The intersection of artificial intelligence (AI) and music has become an essential field of study, with Large Language Models (LLMs) playing a significant role in generating sequences. Skywork AI PTE. LTD. and Hong Kong University of Science and Technology have developed ChatMusician, a text-based LLM, to tackle the issue of understanding and generating music.
ChatMusician shows potential in addressing both difficulties in generating music using language modeling and gaps in publicly available music databases. The team gathered metadata from two million music recordings on YouTube, and took 500,000 of them out. They used GPT-4 to create summaries of these metadata records and generated music knowledge QA pairings using Self-instruct. They found that their model based on GPT-4 outperformed others in various music-generating tasks, according to empirical evaluations.

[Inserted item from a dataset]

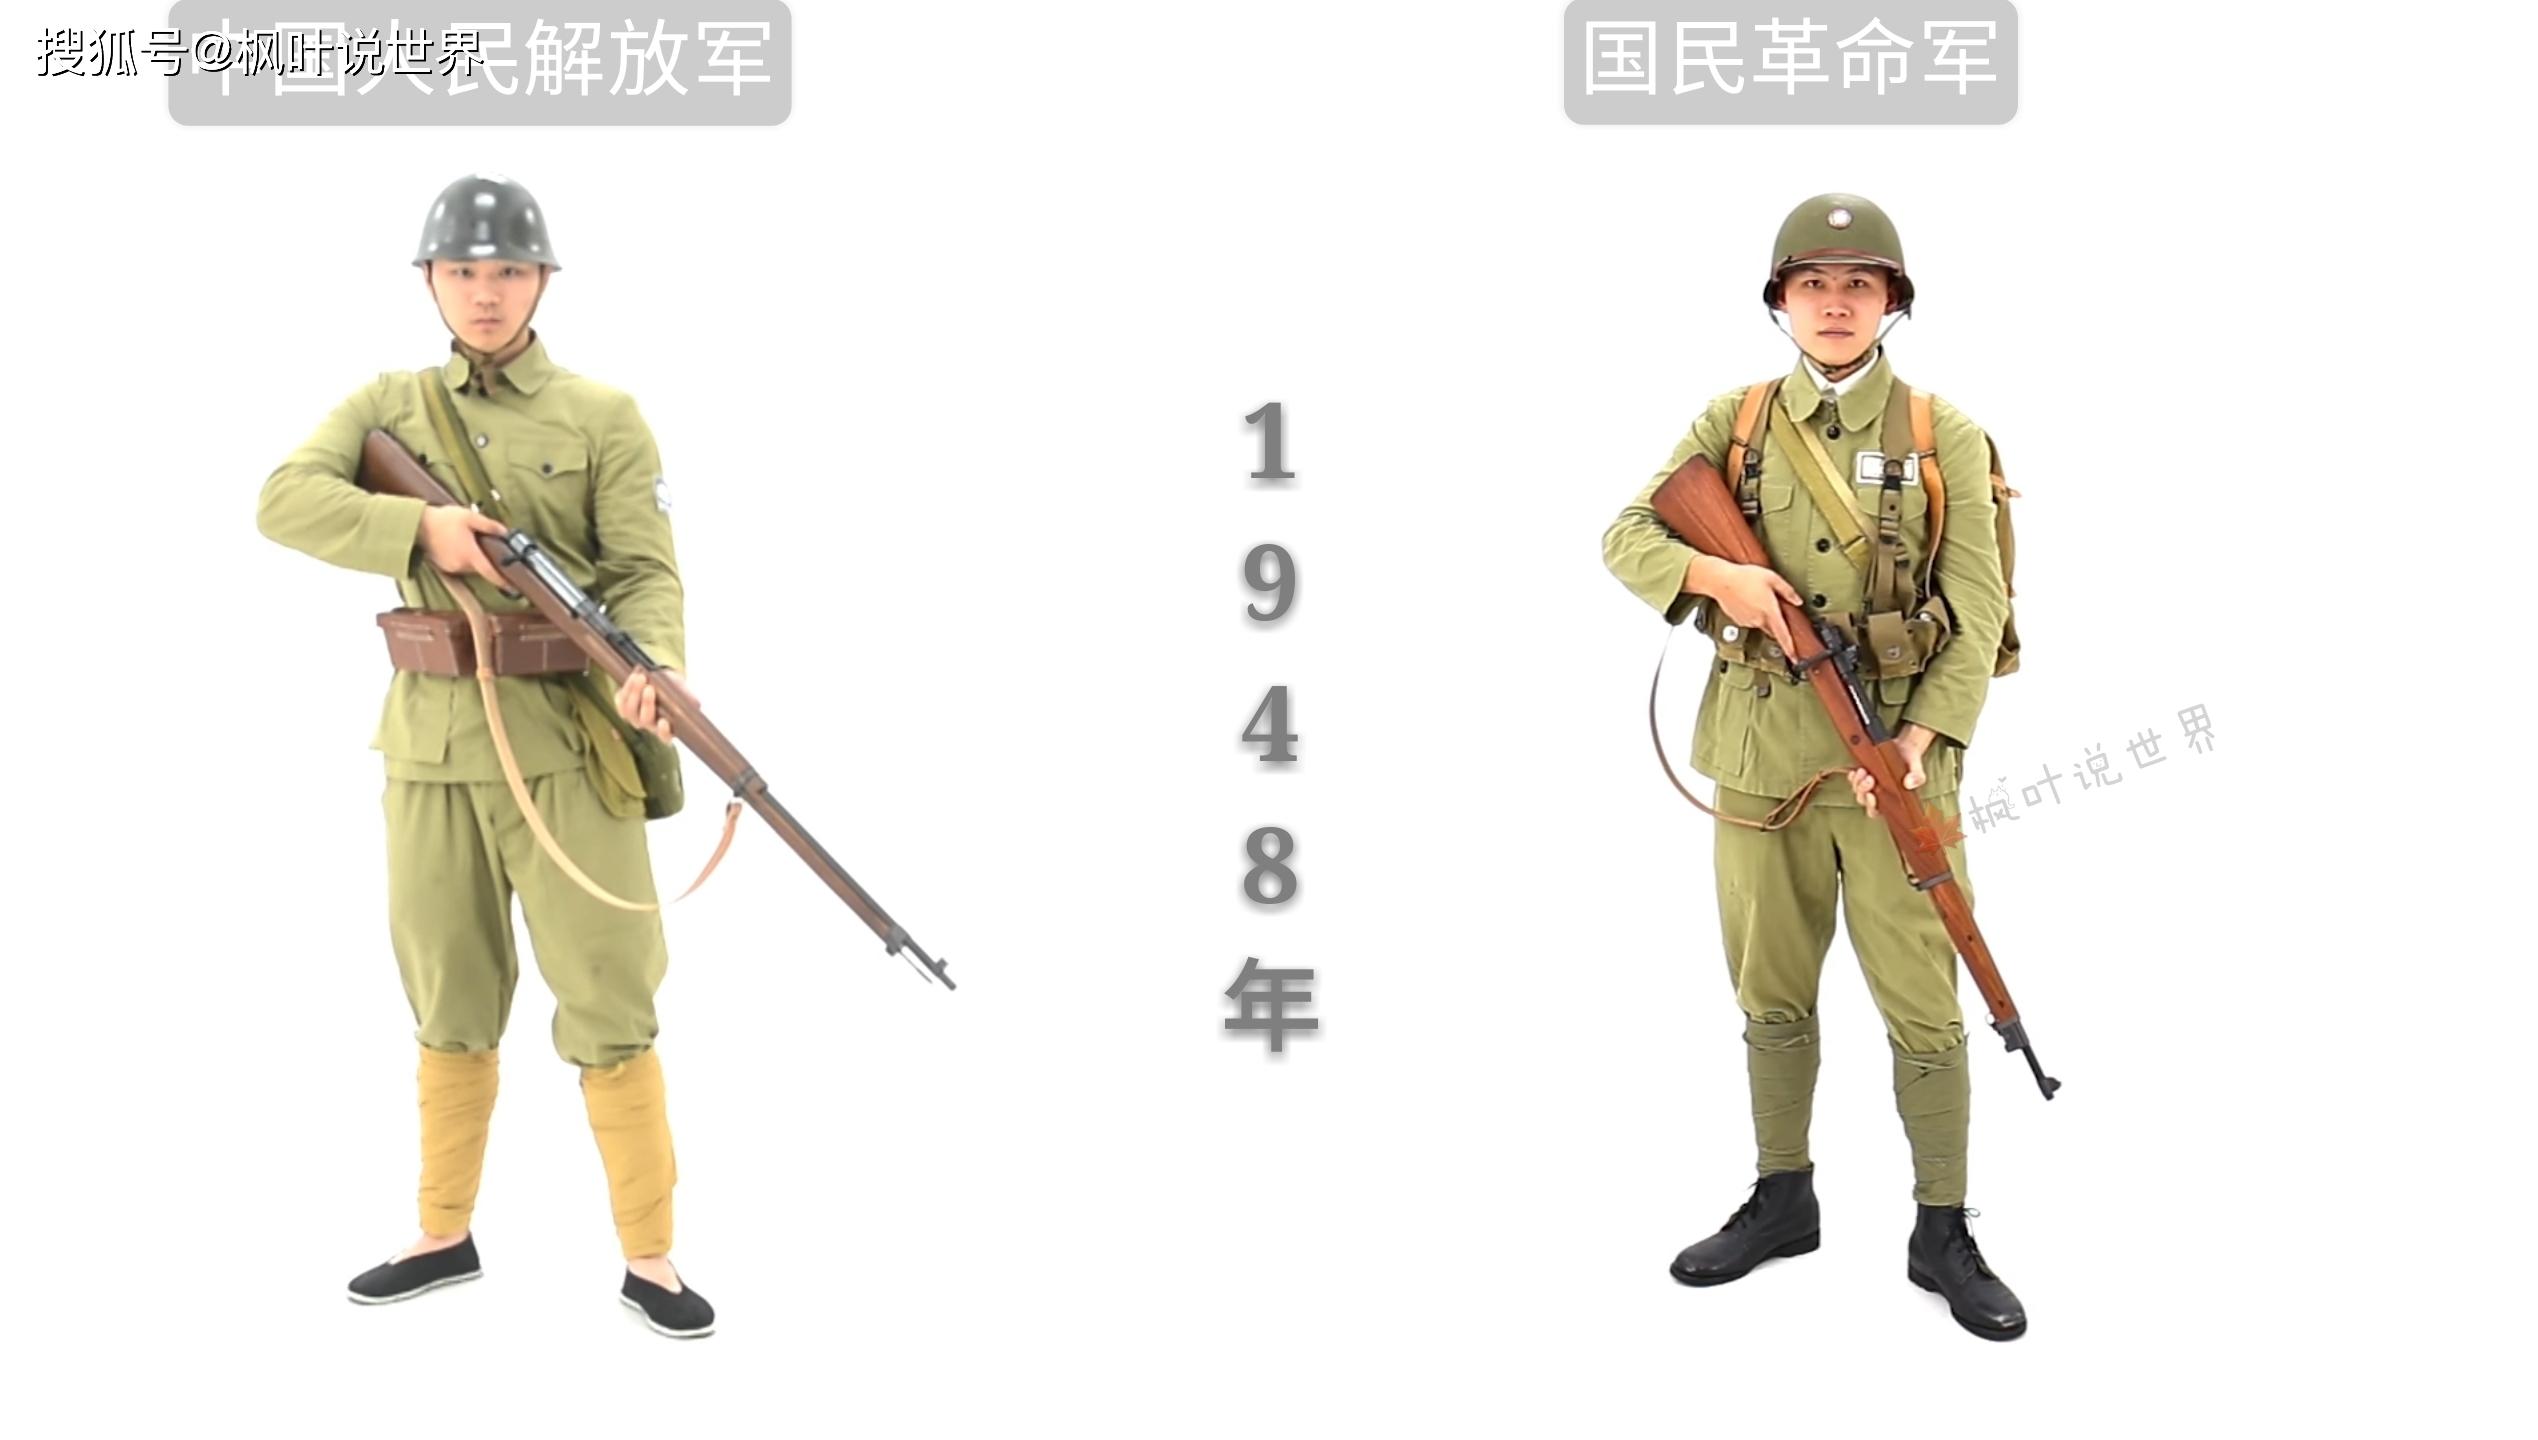 1912年武昌起义时期 中国近代陆军军服 1924年直奉战争时期 中国近代

The researchers believe that the incorporation of math and code could further enhance the reasoning power of symbolic music, which is currently lacking in symbolic music datasets in the computational music community. To confirm their system’s effectiveness, they also created MusicTheoryBenchmark, a test based on college-level course materials and past exams, formatted into JSON and ABC string formats.
The team’s findings suggested that Large Language Models struggle with benchmarks like MusicTheoryBenchmark. This direct comparison indicates there’s still a vast and unexplored realm of musical understanding that needs further research, similar to code and mathematical reasoning. To promote further collaboration in the field, all components of the framework, including the benchmark, scripts, and the 4B-token music-language corpora MusicPile, have been made open-source.

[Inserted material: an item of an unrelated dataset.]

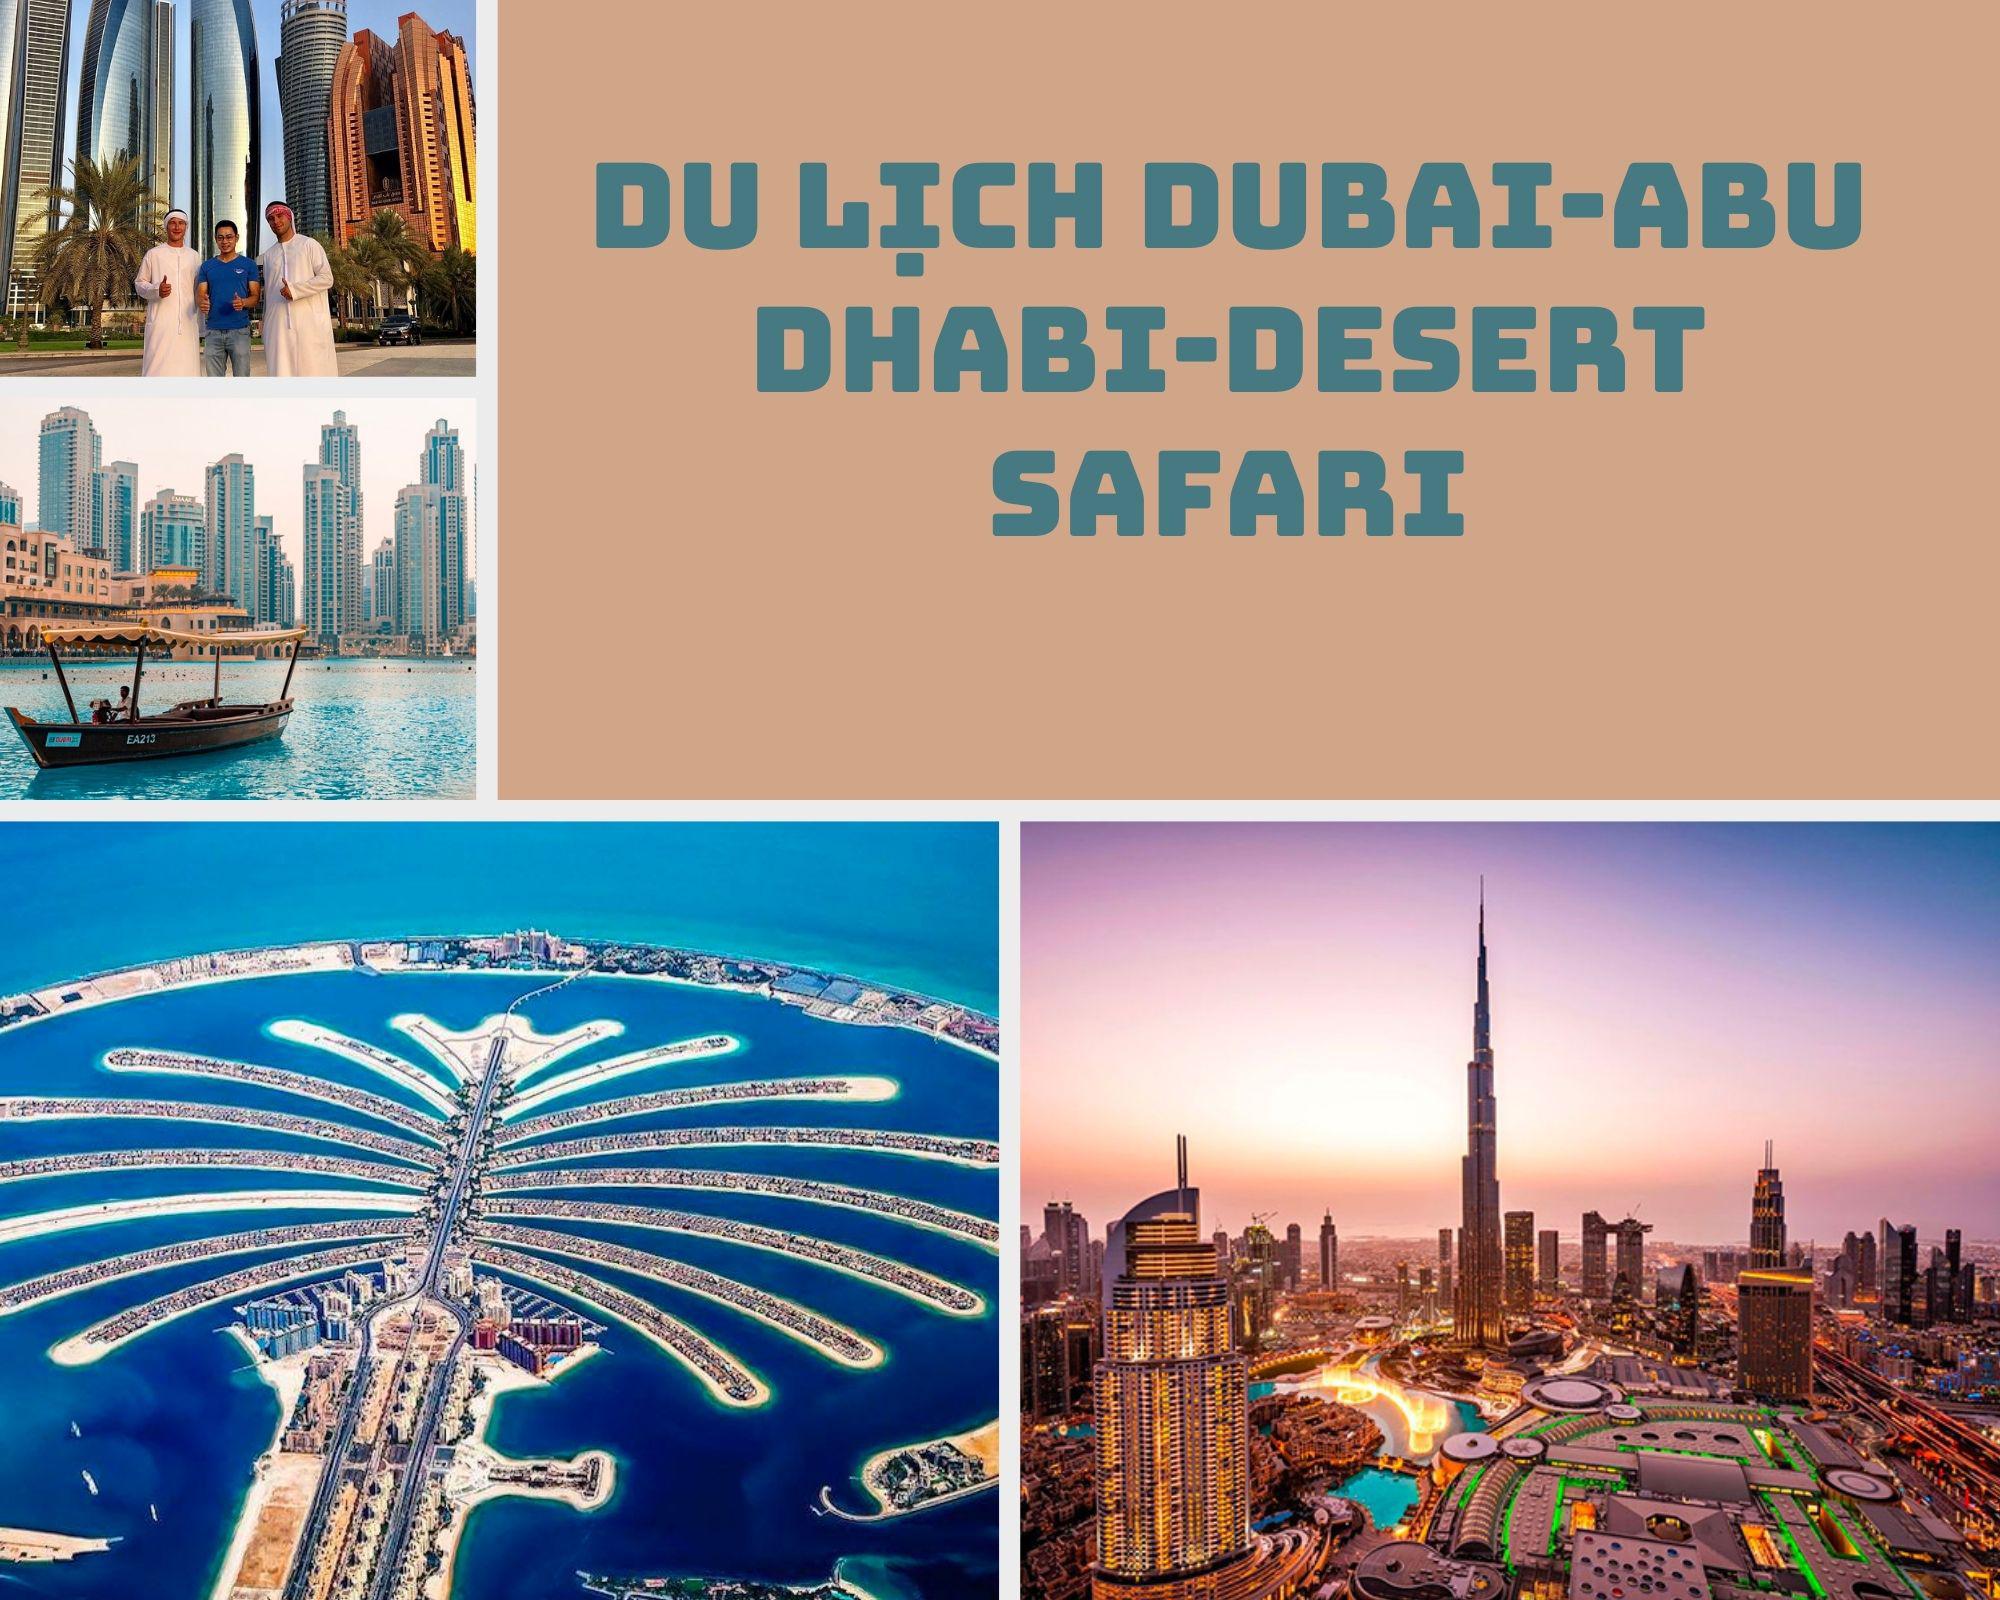 Du lịch Dubai-Abu Dhabi-Desert Safari

However, the current version of ChatMusician primarily produces Irish-style music, given the large dataset derived from this genre. As a result of limited variety in handcrafted music instructions, the model faces challenges in supporting open-ended music-generating tasks and experiences hallucinations.
This work represents a significant advancement in the field of AI-generated music and a substantial move towards generating an open-source Large Language Model incorporating intrinsic musical abilities. With further study, researchers could overcome the shortcomings of current models and continue to explore the fascinating intersection of language, music, and artificial intelligence.